TASK
Your answer must be the exact lines of the listing below that run from the line with "creativity and usability balance in design" to the line with "79bfccfcf0c7 Lyst - Moncler", ends included, and no pictures.

GIVEN RECORDS
^^^^

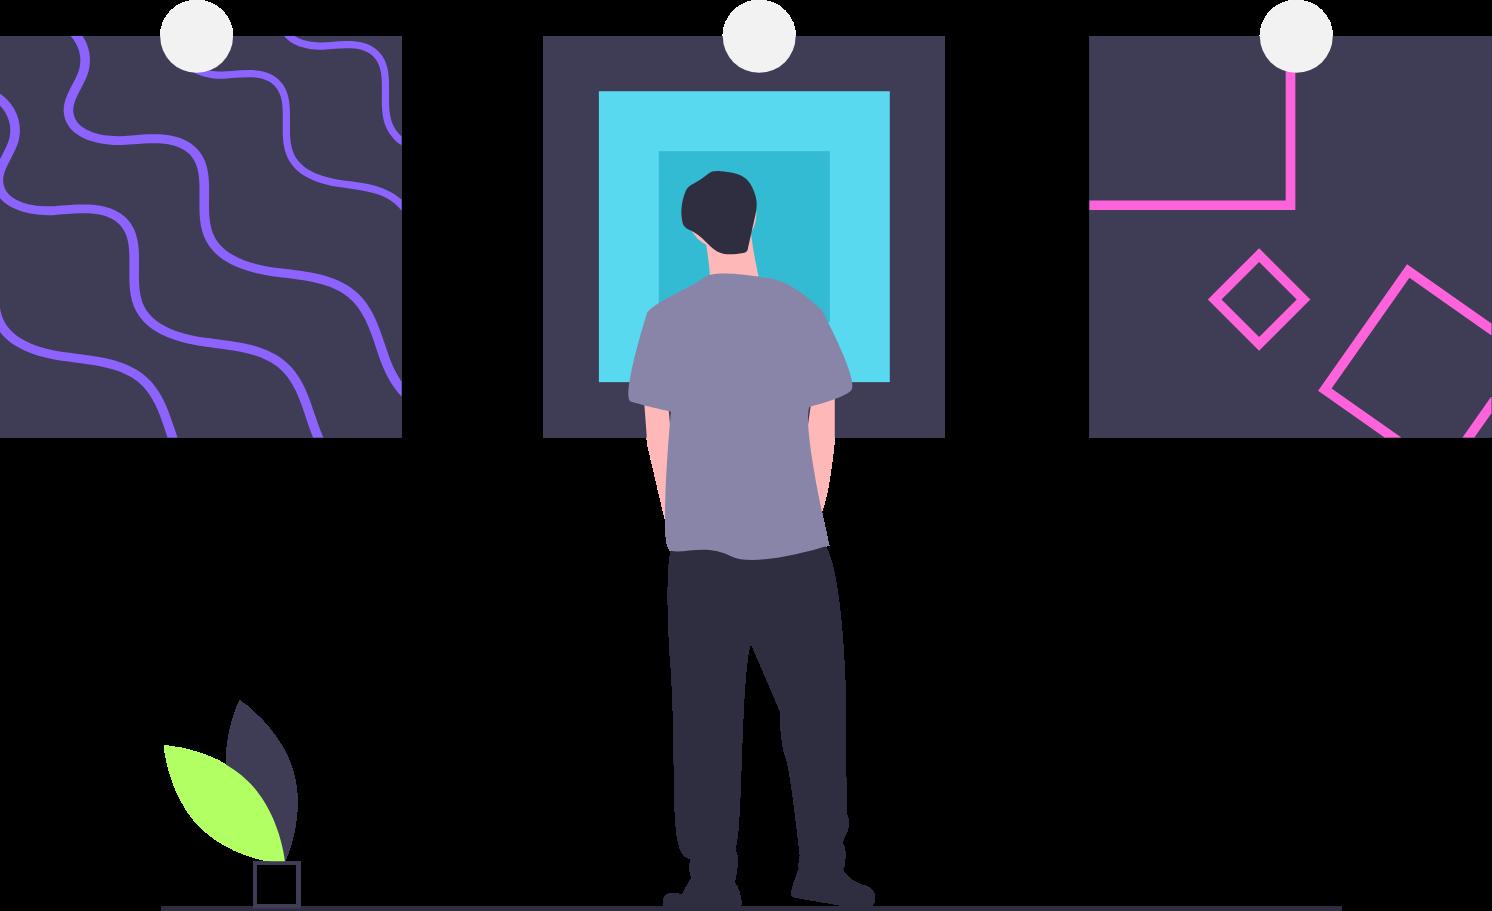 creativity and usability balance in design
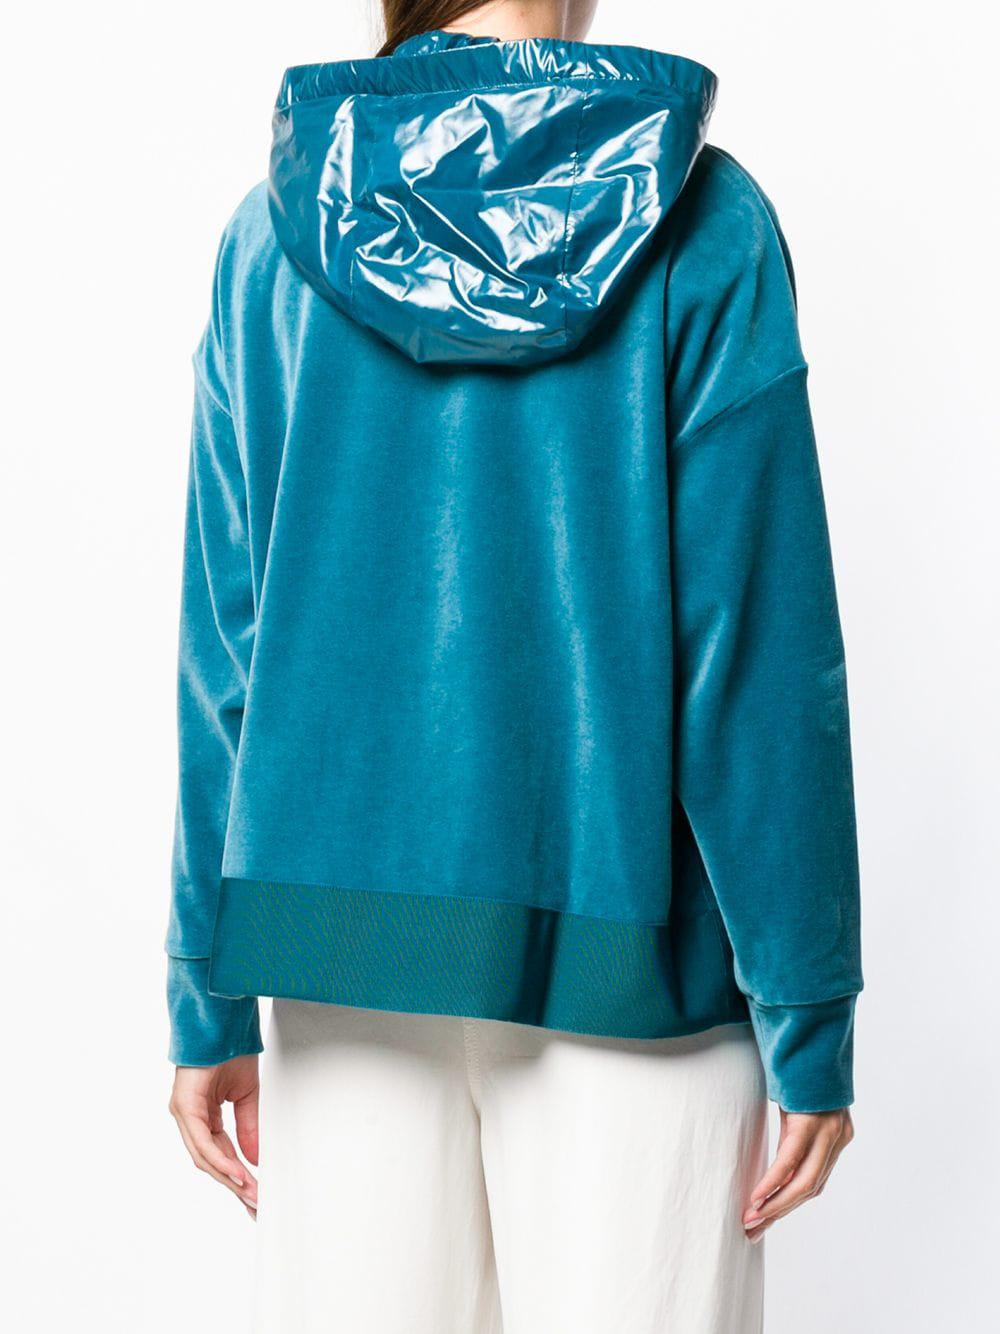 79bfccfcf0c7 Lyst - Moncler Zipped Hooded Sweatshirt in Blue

^^^^

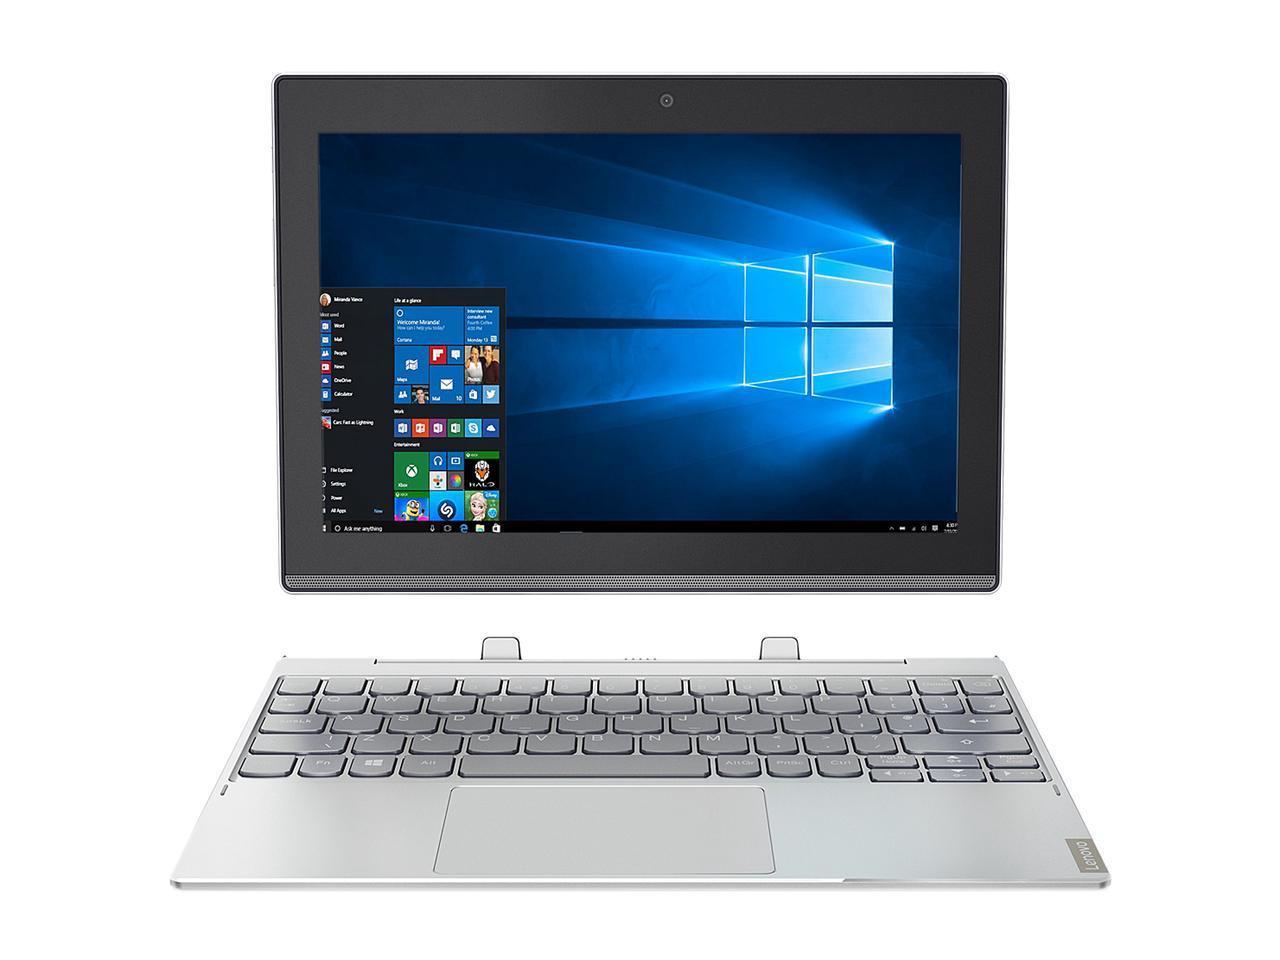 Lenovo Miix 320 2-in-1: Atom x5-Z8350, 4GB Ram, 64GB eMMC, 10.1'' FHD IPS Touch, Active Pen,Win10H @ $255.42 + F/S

^^^^

WRITTEN RESPONSE
 creativity and usability balance in design
 79bfccfcf0c7 Lyst - Moncler Zipped Hooded Sweatshirt in Blue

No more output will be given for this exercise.